Mr. Bjerknes, a Bethesda resident, also was a soloist with the Houston Ballet and a principal dancer with the Joffrey Ballet, as well as a guest artist with the Royal Winnipeg Ballet in Canada and the Northern Ballet Theatre of England. Agnes de Mille, Robert Joffrey and Choo-San Goh choreographed original roles for him.

After Mr. Bjerknes stopped dancing, he became a teacher and ballet master at the Washington Ballet and the Universal Ballet in Seoul. He was an influential creative force in the Washington area for the past two decades.

In 2000, he and wife Pamela Bjerknes, a former member of American Ballet Theatre, founded the American Dance Institute, a thriving school and performance space. The institute came about at an opportune time, the couple told The Washington Post shortly after its opening. Pamela Bjerknes, then 46, was looking to expand her private teaching career, while her husband, then 43, was not eager to be a peripatetic artistic director, his next logical career step. Their three children also were in school.

"I have a limited ability to become a bohemian again," Mr. Bjerknes told The Post.

His preparation for running the American Dance Institute included working in sales and strategic consulting for General Electric and earning a master's degree in business and international finance at the University of Maryland. He and his wife opened the institute in a renovated 20,000-square-foot warehouse, and it soon became an integral part of the local dance scene.

The couple conceived of the institute as primarily an educational institution, not strictly a ballet school. "My philosophy is -- and maybe it's naive in this world today -- but I think that if you create somebody who is happy with themselves, and confident, and you provide them good training, if they're meant to be a dancer, you're going to produce a professional dancer, who's also a great person, and interested artist and active individual," Mr. Bjerknes said in a Ballet Alert! interview in 2003.

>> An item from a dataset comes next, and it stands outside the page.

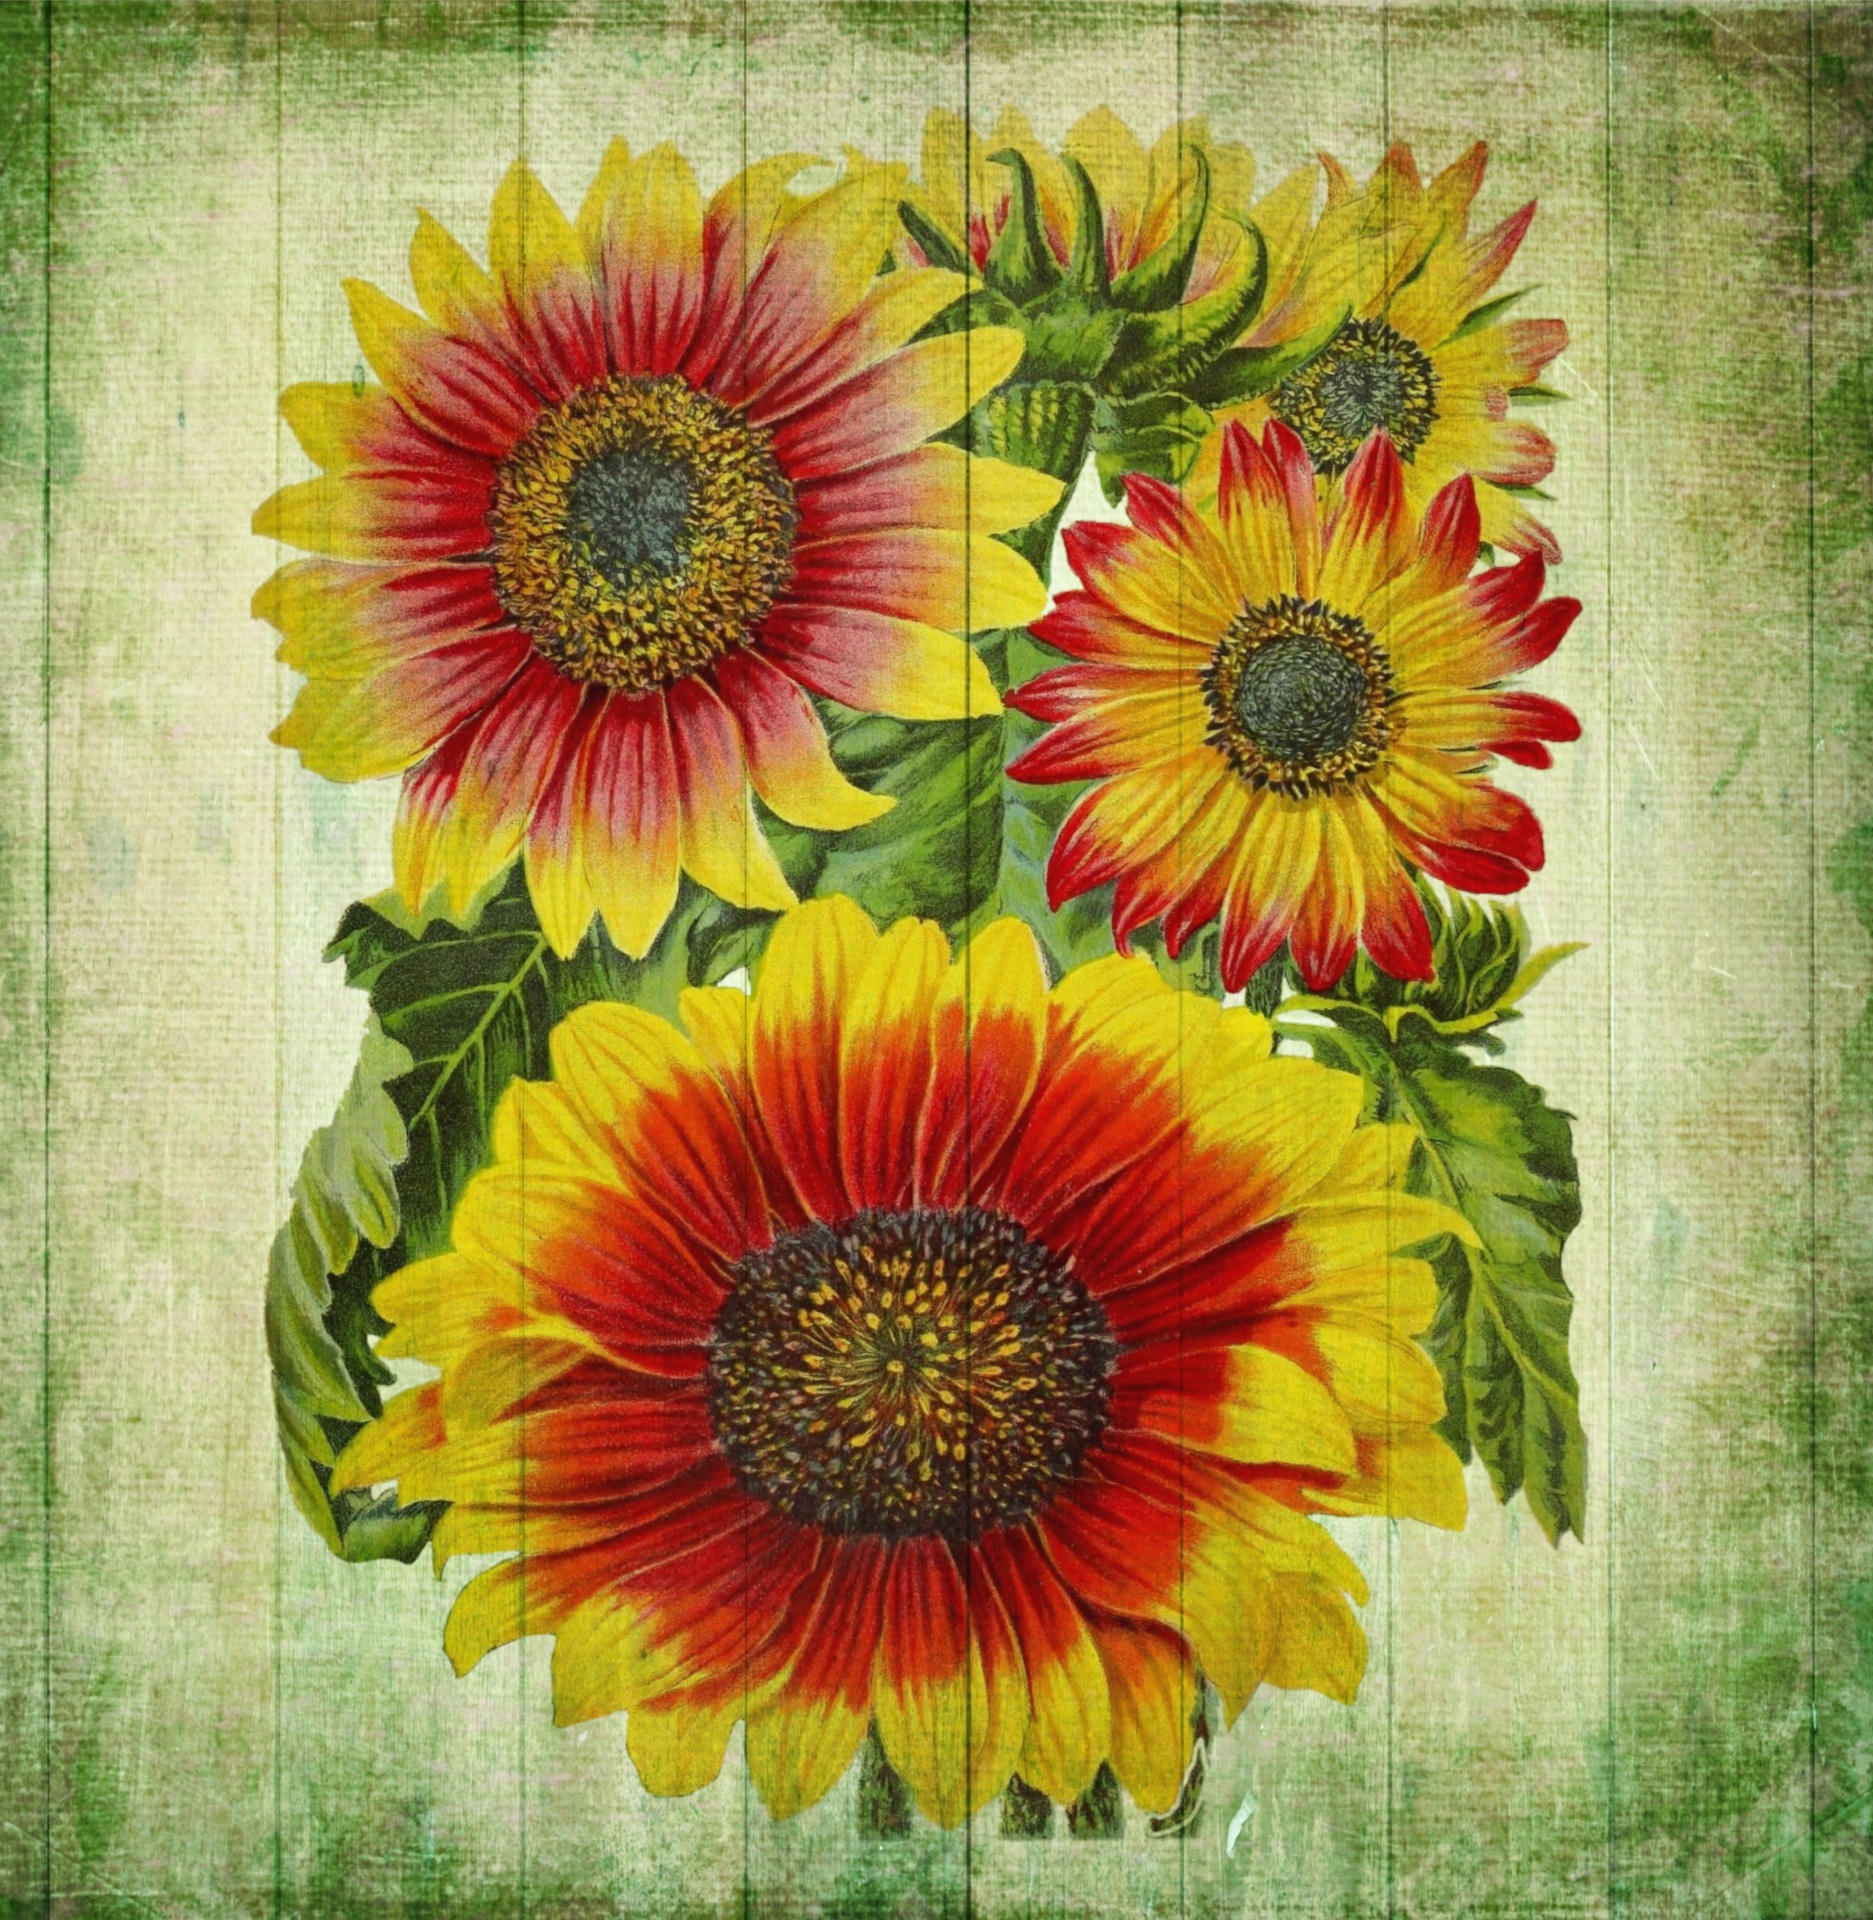 Vintage Art Flowers Sunflowers

Mr. Bjerknes was known for his generosity to local artists. He provided rehearsal space to local groups, including Helanius J. Wilkins and Edgeworks Dance Theater, and choreographers Ed Tyler, Adrian Clancy and Anna Menendez. The institute has become a vital arts incubator for the Washington area.

When Washington Ballet dancers were laid off for three months in 2006, Mr. Bjerknes and his wife offered them free classes and rehearsal space and made available the school's 140-seat studio-cum-theater for dancer-directed performances. All the money raised went to the dancers' relief fund.

Michael Lief Bjerknes was born in Oak Park, Ill., and graduated from high school at 13. He was first exposed to ballet when, as a 10-year-old, he had a crush on a girl and tagged along with her to dance class. He was immediately captivated by what he would come to appreciate as the balance of mind, body and music in a strict form. In 1967, a year after his first ballet class, he performed his first role on stage as a "party boy" and a "soldier" in "The Nutcracker."

He received his undergraduate degree at 16 from Rosary College in 1973 -- majoring in math, with a minor in physics -- and began his professional dance career that year with Joffrey II, the Joffrey Ballet's apprentice company.

At 6-foot-3, with an elegant appearance on stage, he became a soloist with the Chicago Ballet in 1974. He was a soloist with the Houston Ballet from 1976 to 1978 and then returned to New York, where he was a soloist and teacher with the Joffrey Ballet until 1984. He was principal dancer with the Milwaukee Ballet in 1984 and with the Washington Ballet from 1985 to 1990. From 1991 to 1994, he was a dancer and guest ballet master with Universal Ballet.

Survivors include his wife of 28 years, Pamela Bjerknes of Bethesda; three children, Philip Bjerknes of San Francisco, and Anna Bjerknes and Alexandra Bjerknes, both of Bethesda; his father, Christian Bjerknes of San Francisco; and two sisters and three brothers.